- (10 points)
Let
Bucky[1024, 1024] be a two-dimensional array
of IEEE single-precision floating-point numbers stored in row-major
order. Consider a simple program fragment that sums and then zeros
all the elements.
Let all "r" variables be allocated in registers and ignore the
effect of instruction fetches.
rsum = 0.0
do rj = 1 to 1024 {
do ri = 1 to 1024 {
rsum = rsum + Bucky[ri,rj]
}}
do rj = 1 to 1024 {
do ri = 1 to 1024 {
Bucky[ri,rj] = 0.0
}}
Assume this program fragment executes on a system with a data cache that is
only 512 bytes large and uses 32-byte blocks. State
any additional assumptions you need to make.
- How many misses will this program suffer?
- Write a new program that suffers many fewer misses.
(The best answer suffers fewer than 1/10th the misses).
- How many misses does your improved program suffer?
- (8 points)
Perform the following IEEE Single-Precision Floating-Point subtraction.
Use standard rounding (to nearest, with even as tie-breaker). Show your
work. Put your final answer back into hexadecimal.
0xc67ff800
- 0x407ff800
-------------
- (4 points)
A computer system has two levels of cache, called L1 and L2.

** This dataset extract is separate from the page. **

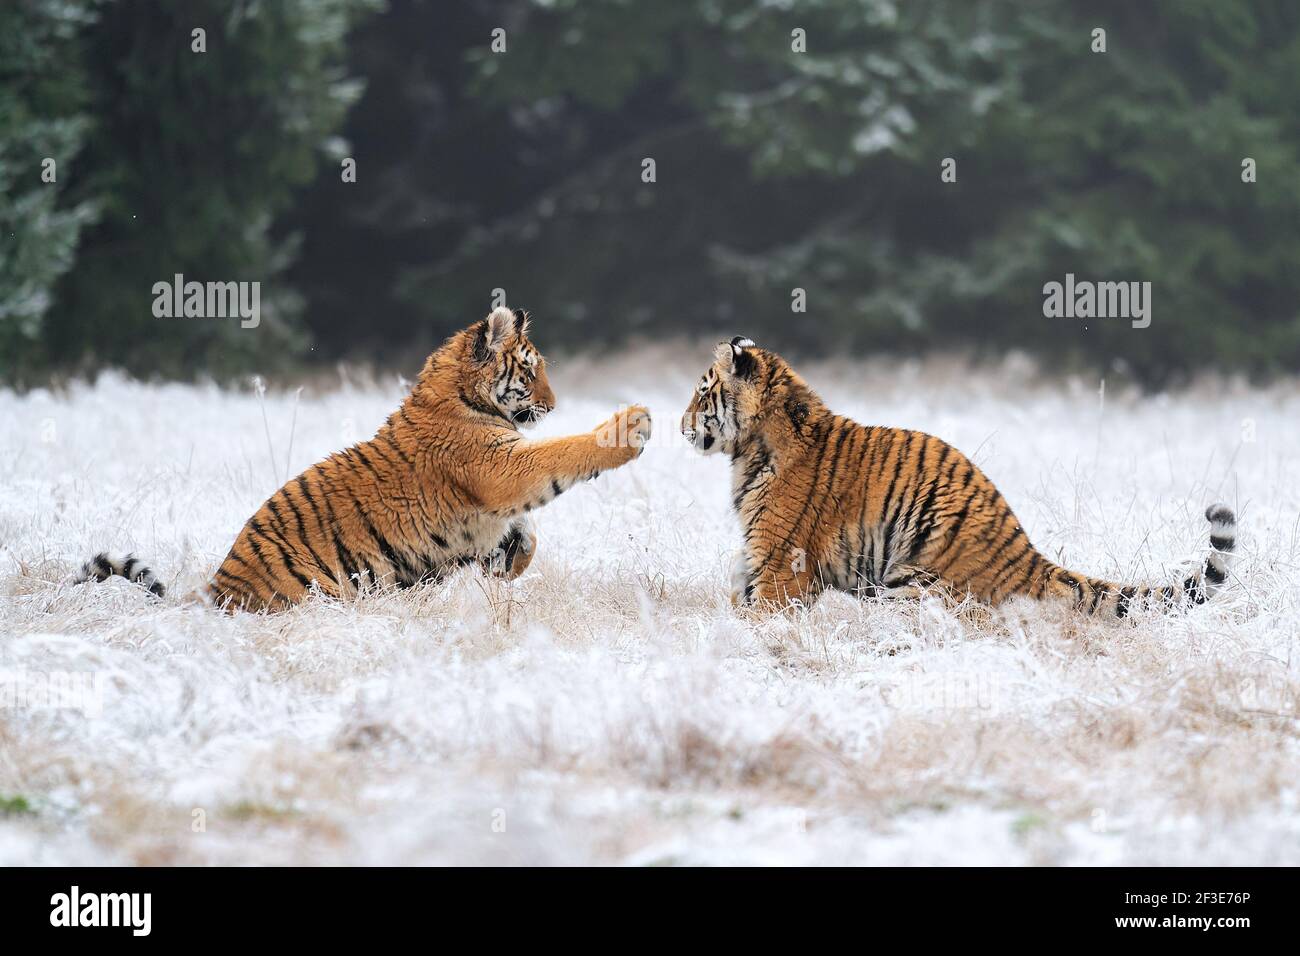 Junge Tiger spielen im Schnee. Sibirischer Tiger im Winter in einem natürlichen Lebensraum. Panthera tigris altaica Stockfoto

If an access misses in the L1 cache, the access request is
sent to the L2 cache.
If the L2 cache misses, then the access request is sent to main
memory.
Assume the following cache access parameters to show the work
in calculating
the average memory access time (AMAT) for this computer system.
- TL1 is 2 nsec
- TL2 is 20 nsec
- Tmain memory is 100 nsec
- Of all memory requests, 98.2% hit in the L1 cache.
- Of all requests sent to the L2 cache, 75% hit
- (6 points)
Identify every dependency (read-after-write, write-after-read,
write-after-write and control) in the following code fragment.
Classify each dependency as a data dependency or a control dependency.
For each dependency, tell whether it would cause a stall (pipeline
hole) for the 5-stage MIPS pipeline presented in class.
addi $12, $13, $11
lw $13, 4($12)
and $8, $8, $12
sub $8, $10, $11
- (8 points)
Assume the MIPS 5-stage pipeline is to be executing
the following MIPS RISC R2000 code
lw $t0, 16($sp)
add $t1, $t0, $t3
sw $t1, 4($sp)
addi $t4, $t4, 1
A. Identify any data dependencies in this code that would cause
a stall (hole, bubble) in the pipeline.
B. Draw a diagram of the MIPS 5-stage pipeline, showing the
execution of this MIPS RISC R2000 code fragment.
- (6 points)
You are a computer designer considering how to make your design run
faster. For some important customer programs, your base design
currently spends 25% of time doing floating-point addition and
10% doing floating-point multiplication. You know:
(a) a good method to make addition twice as fast and
(b) another method to overlap multiplication
with other things (making its contribution execution time be zero).
- What are the overall speedup for (a) and (b) separately?
- If you could use only one, which one would you use? Why?